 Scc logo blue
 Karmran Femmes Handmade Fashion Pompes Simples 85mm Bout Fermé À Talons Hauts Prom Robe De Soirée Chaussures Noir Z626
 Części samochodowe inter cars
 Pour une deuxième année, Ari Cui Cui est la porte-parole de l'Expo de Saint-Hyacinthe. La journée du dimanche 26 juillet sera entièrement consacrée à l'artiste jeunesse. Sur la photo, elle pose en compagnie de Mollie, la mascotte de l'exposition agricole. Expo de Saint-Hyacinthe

To do :: Return, please, the lines of the data from the first through the line containing "Części samochodowe inter cars", both kept, exactly as they stand and nothing more.

Response ::
 Scc logo blue
 Karmran Femmes Handmade Fashion Pompes Simples 85mm Bout Fermé À Talons Hauts Prom Robe De Soirée Chaussures Noir Z626
 Części samochodowe inter cars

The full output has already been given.